На одном конце стола во главе сидела графиня. Справа Марья Дмитриевна, слева Анна Михайловна и другие гостьи. На другом конце сидел граф, слева гусарский полковник, справа Шиншин и другие гости мужского пола. С одной стороны длинного стола молодежь постарше: Вера рядом с Бергом, Пьер рядом с Борисом; с другой стороны – дети, гувернеры и гувернантки. Граф из за хрусталя, бутылок и ваз с фруктами поглядывал на жену и ее высокий чепец с голубыми лентами и усердно подливал вина своим соседям, не забывая и себя. Графиня так же, из за ананасов, не забывая обязанности хозяйки, кидала значительные взгляды на мужа, которого лысина и лицо, казалось ей, своею краснотой резче отличались от седых волос. На дамском конце шло равномерное лепетанье; на мужском всё громче и громче слышались голоса, особенно гусарского полковника, который так много ел и пил, всё более и более краснея, что граф уже ставил его в пример другим гостям. Берг с нежной улыбкой говорил с Верой о том, что любовь есть чувство не земное, а небесное. Борис называл новому своему приятелю Пьеру бывших за столом гостей и переглядывался с Наташей, сидевшей против него. Пьер мало говорил, оглядывал новые лица и много ел. Начиная от двух супов, из которых он выбрал a la tortue, [черепаховый,] и кулебяки и до рябчиков он не пропускал ни одного блюда и ни одного вина, которое дворецкий в завернутой салфеткою бутылке таинственно высовывал из за плеча соседа, приговаривая или «дрей мадера», или «венгерское», или «рейнвейн». Он подставлял первую попавшуюся из четырех хрустальных, с вензелем графа, рюмок, стоявших перед каждым прибором, и пил с удовольствием, всё с более и более приятным видом поглядывая на гостей. Наташа, сидевшая против него, глядела на Бориса, как глядят девочки тринадцати лет на мальчика, с которым они в первый раз только что поцеловались и в которого они влюблены. Этот самый взгляд ее иногда обращался на Пьера, и ему под взглядом этой смешной, оживленной девочки хотелось смеяться самому, не зная чему.

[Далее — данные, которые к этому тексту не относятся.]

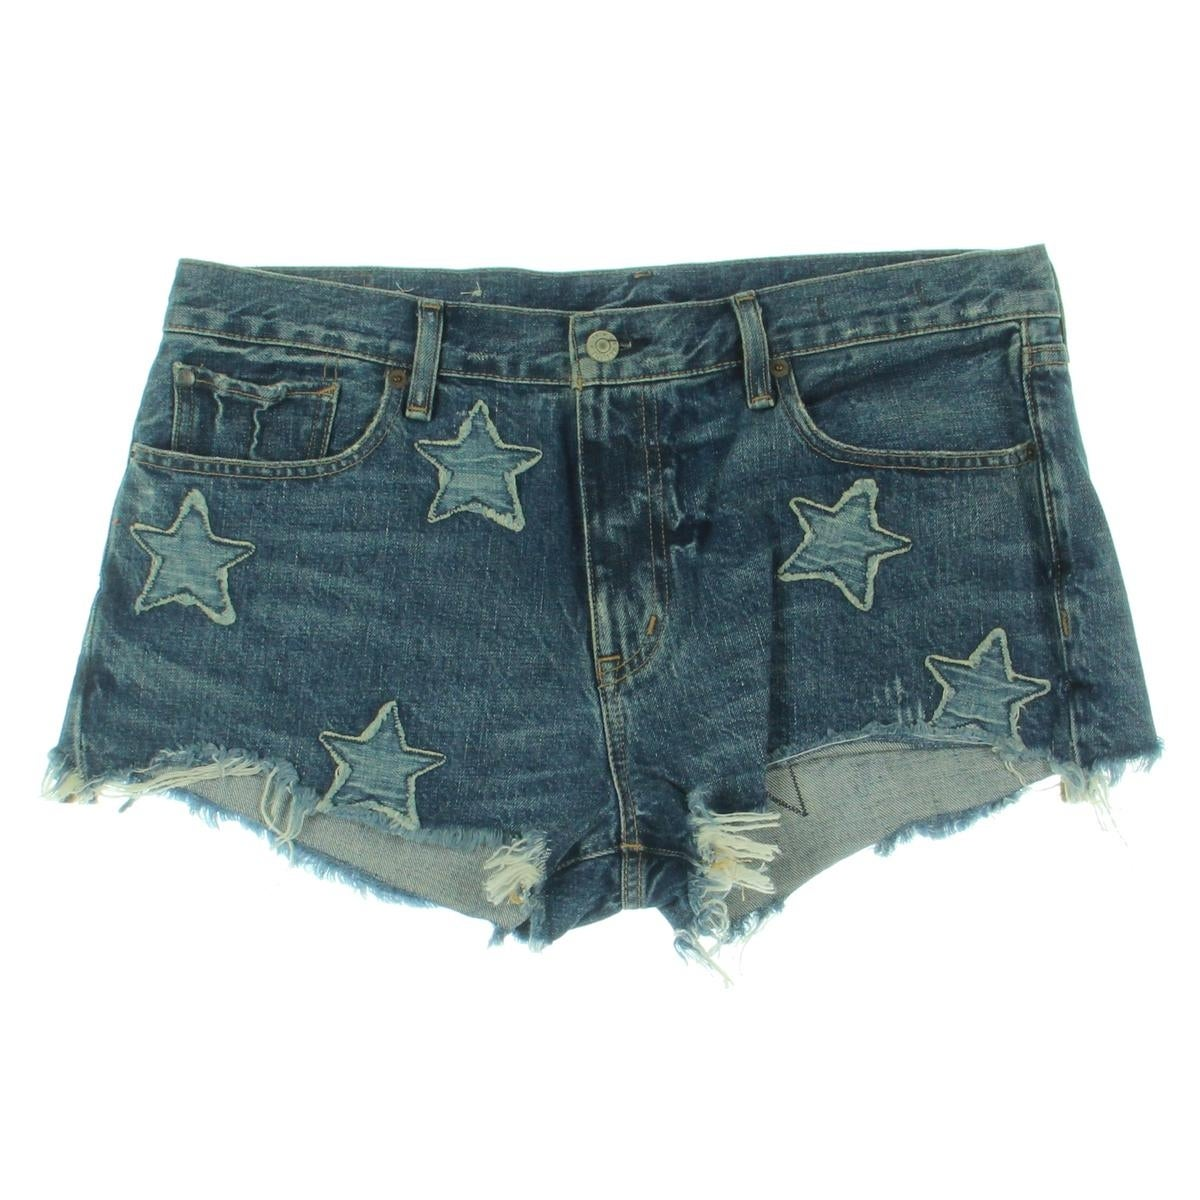 238557c86 Shop Denim   Supply Ralph Lauren Womens Shorts Boyfriend Star Patchwork -  Free Shipping On Orders Over  45 - Overstock - 20908333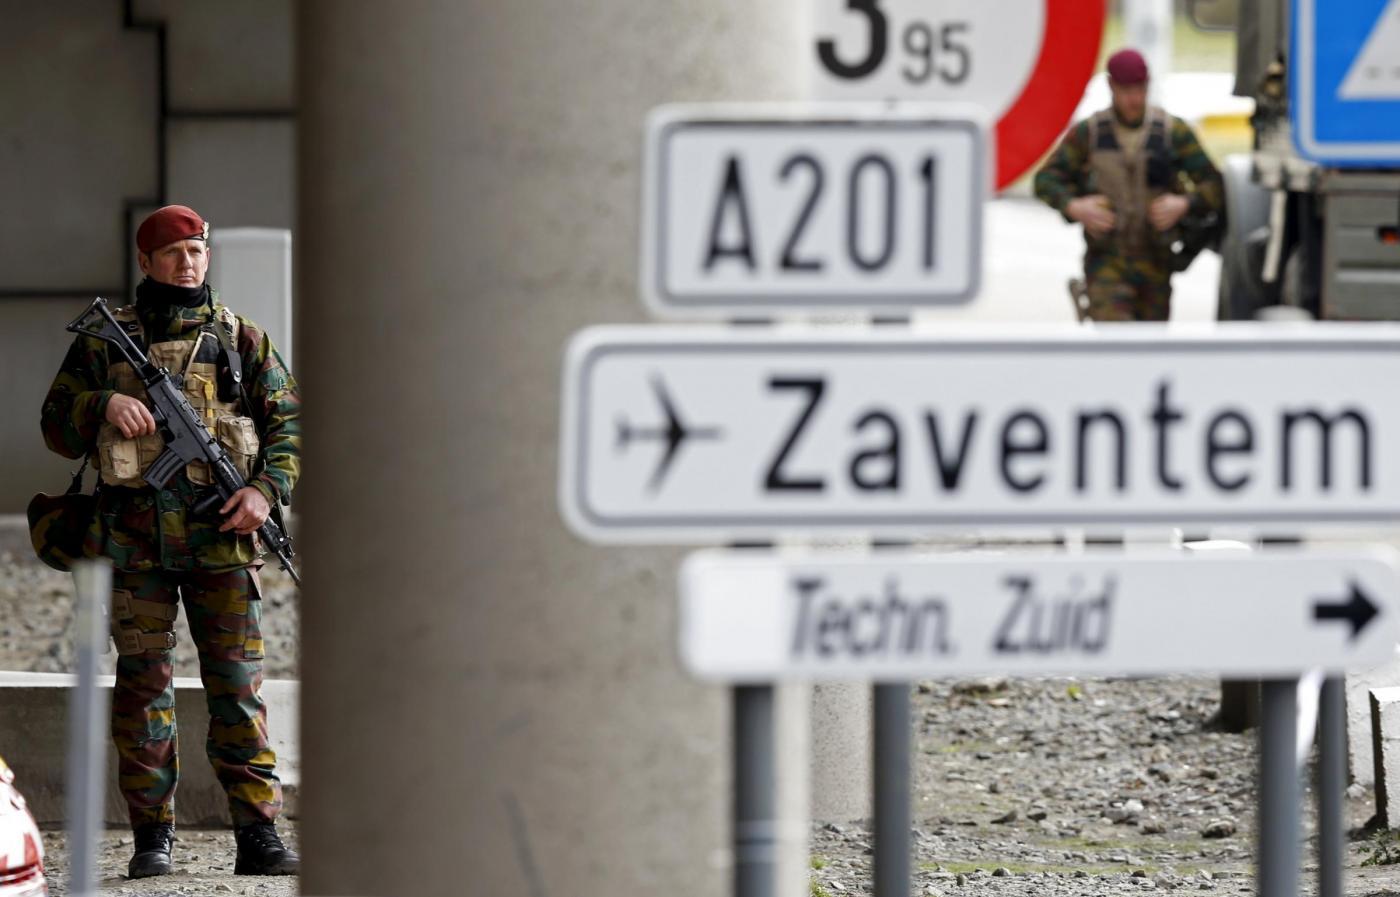 Belgio, controlli di sicurezza a Bruxelles

Николай сидел далеко от Сони, подле Жюли Карагиной, и опять с той же невольной улыбкой что то говорил с ней. Соня улыбалась парадно, но, видимо, мучилась ревностью: то бледнела, то краснела и всеми силами прислушивалась к тому, что говорили между собою Николай и Жюли. Гувернантка беспокойно оглядывалась, как бы приготавливаясь к отпору, ежели бы кто вздумал обидеть детей. Гувернер немец старался запомнить вое роды кушаний, десертов и вин с тем, чтобы описать всё подробно в письме к домашним в Германию, и весьма обижался тем, что дворецкий, с завернутою в салфетку бутылкой, обносил его. Немец хмурился, старался показать вид, что он и не желал получить этого вина, но обижался потому, что никто не хотел понять, что вино нужно было ему не для того, чтобы утолить жажду, не из жадности, а из добросовестной любознательности.